The ever-inspired Brendan Connell’s masterful tales of misery and imagination don’t settle for being merely unsettling, and can never be taken for standard-issue uncanny and creepy. At the same time, he shines in his willingness to experiment with structure, language, theme and control over how he triggers his desired gut reactions. His pointillistic off-kiltered 36-city set Metrophilias abounds in tones from seeming poignancy to black humor, ricocheting in styles and lopsided storylines while reined in by a modus operandi of expressive scattershot minimalism. And in the decadence-drenched Unpleasant Tales, the inventive collection of 22 short and dark stories takes an unflinching and matter-of fact approach to a kaleidoscopic horror of depravity, with a bent toward themes of borderless obsession and perversity.
Now, in The Life of Polycrates and Other Stories for Antiquated Children, another showcase of Connell’s ‘Lovecraftsmanship’ emerges in which real figures and characters live off-kilter lives or exist amid the fringes of mythopoeic terrain. It’s a wide-ranging and wavering but nevertheless rewarding collection consisting of one novella and 10 short stories, previously published in journals and anthologies, as well as never before published material.
The titular tale is perhaps the biggest departure for Connell, chronicling, indeed, the life of Polycrates, tyrant of Samos c. 538 BC to 522 BC. Though he was fated through bloodlines to rule the Greek island, his father was murdered and the killers overthrew the dynasty. Biding his time while plotting his revenge, Polycrates began a charitable program to help the populace. With the people consequently by his side by the time he fought the patricide, he came to reign over Samos. Outwitting his scheming brothers, Polycrates ultimately grew too settled in his ways, facing the consequences when he ignored the wisdom of his soothsayers.

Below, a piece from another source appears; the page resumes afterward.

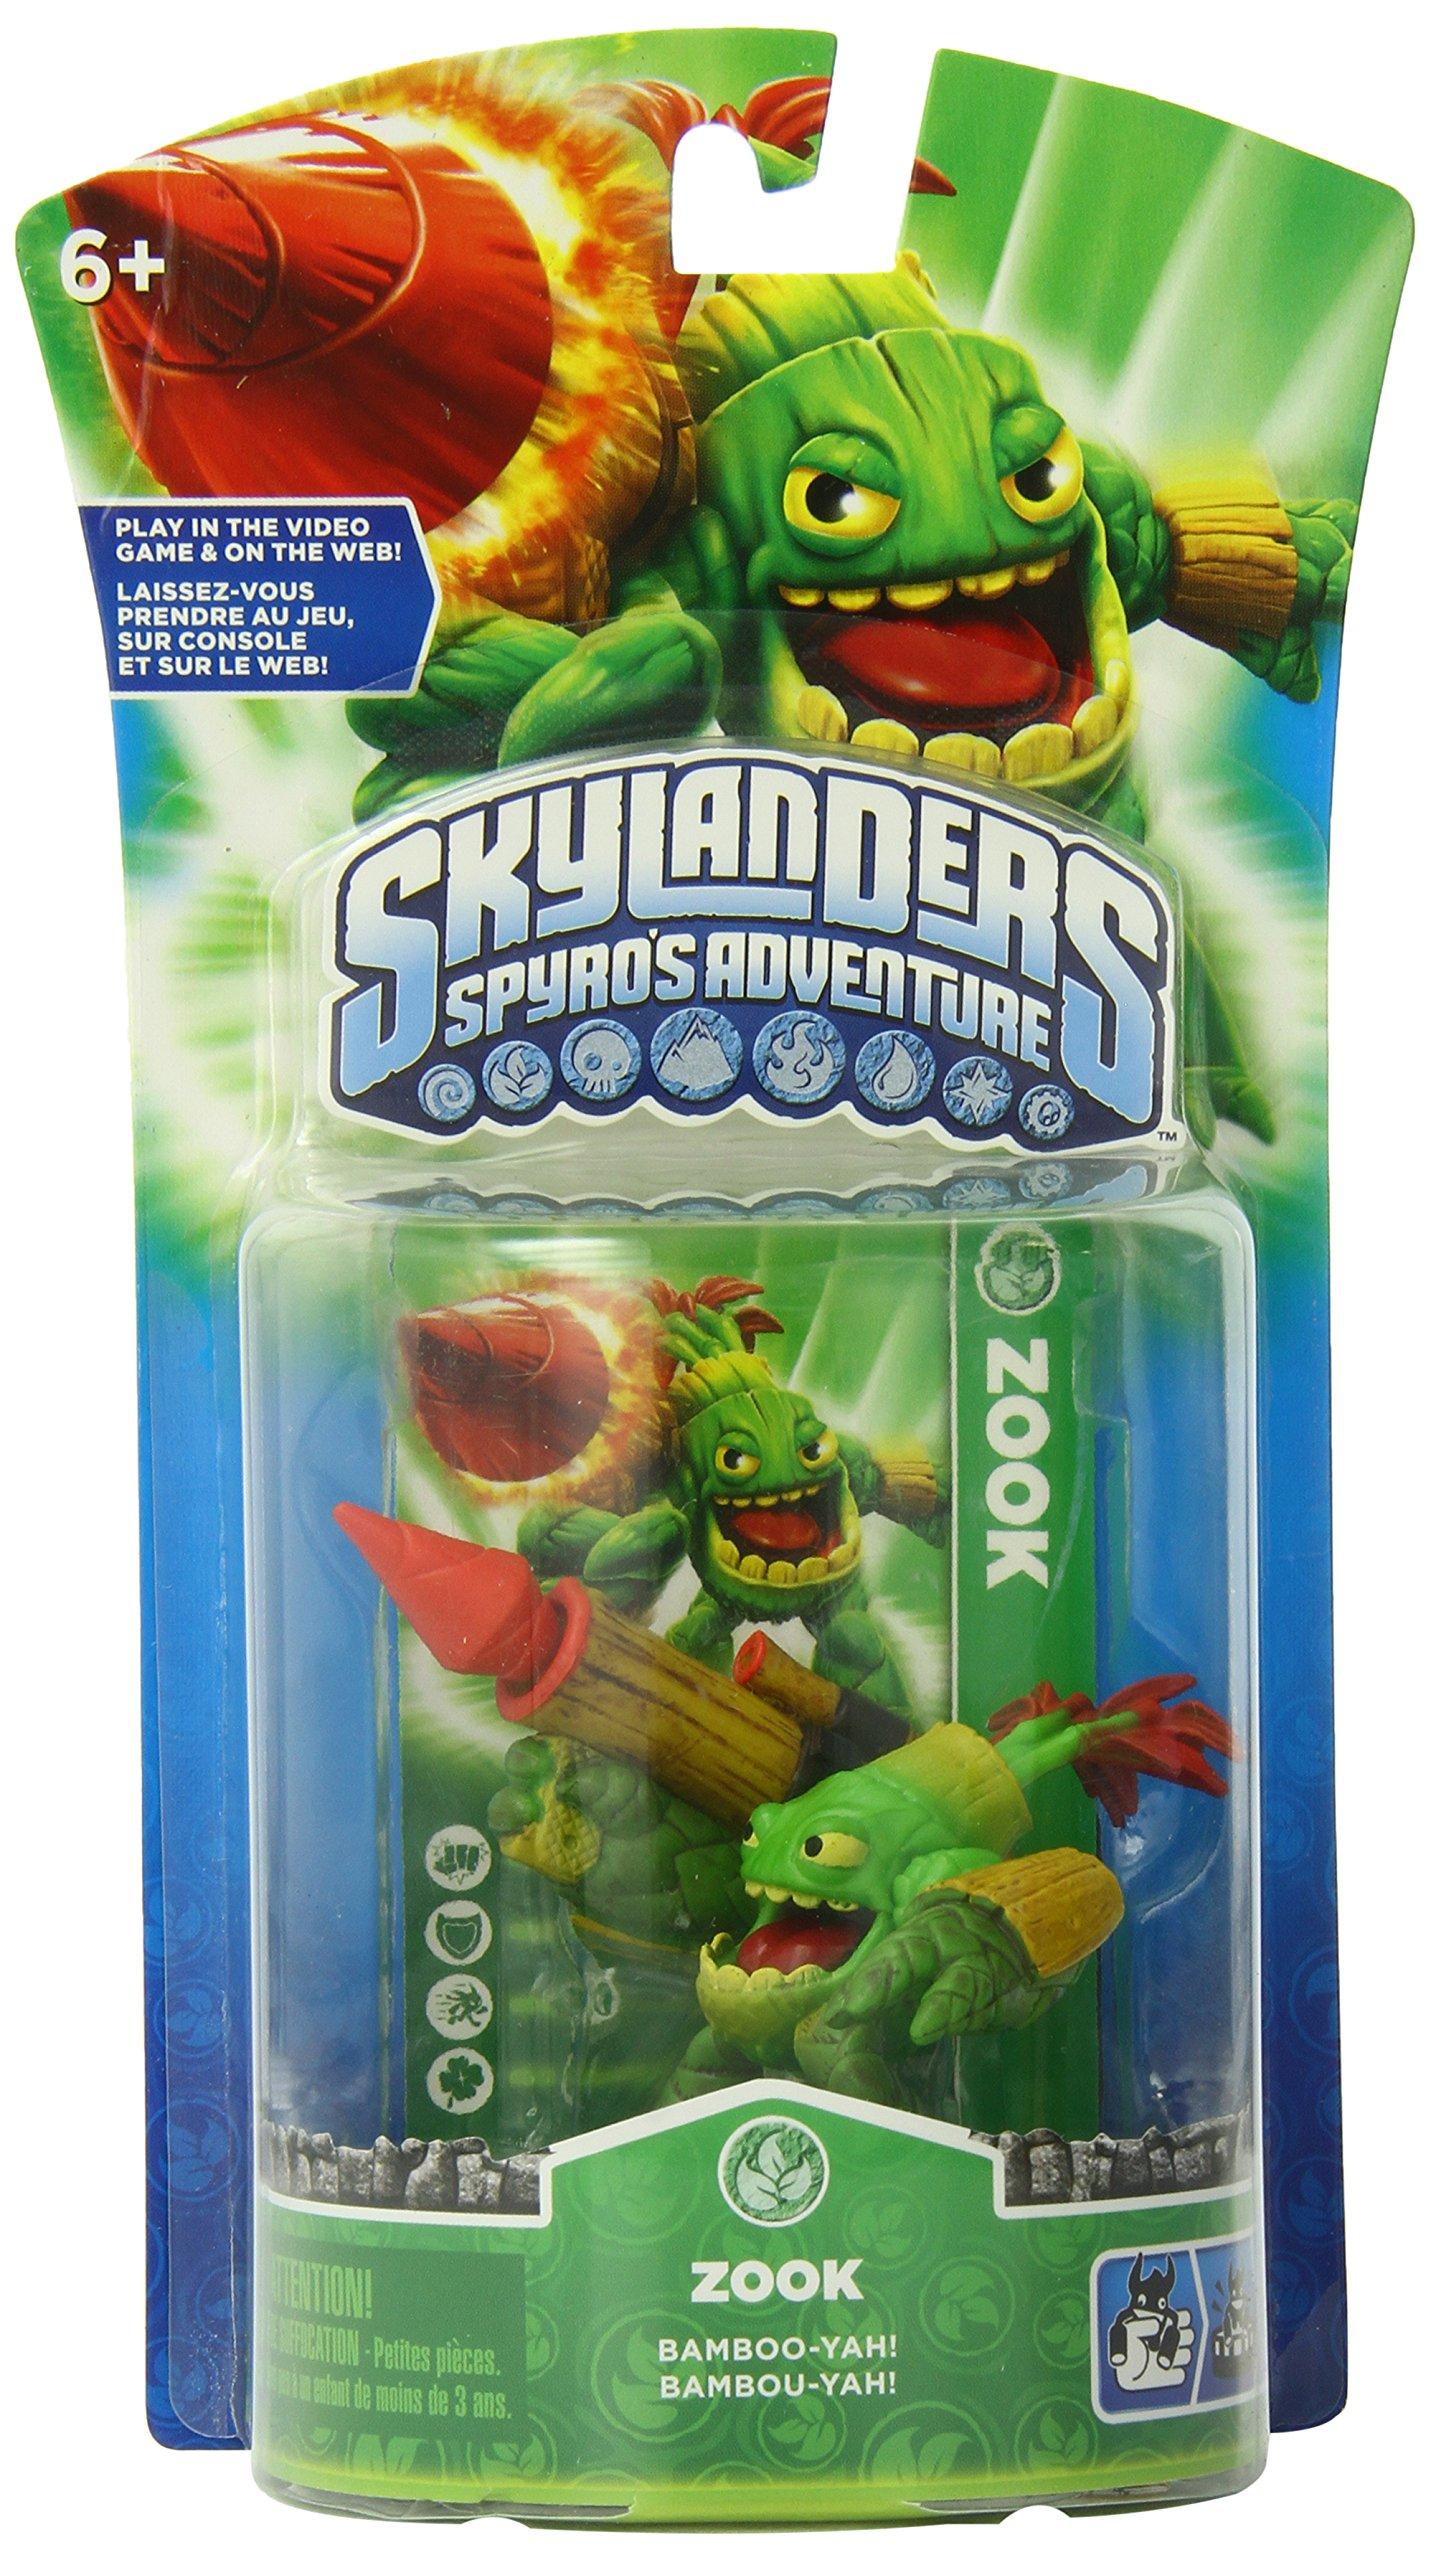 Skylanders Spyro's Adventure: Zook

Though it lacks the surreal touches and disquieting foreboding of many of Connell’s works, the relatively leisurely pace of the 77-page "Life of Polycrates" draws you into a grab-bag of epistles, history, classical literature, Greek myth, and some more original fictional elements – where one starts and another begins is anyone’s guess, however. A sharp-eyed reader might also surmise – and he or she might also be wrong – that there are such allusions as a prose passage evocative of “Kubla Khan” (“The palace of Polycrates, the roof covered with quasi-translucent Pentelic stone tiles from Naxos, was splendidly decorated, the floors of certain chambers interlaid with precious stones and agate, others with extravagant mosaics…”). One might also speculate that a mischievous Mr. Connell channeled a little Johnny Cash when he described Polycrates’ ruthless brother Pantagnotus as one who once “stabbed a man in Magnesia just to watch him die.”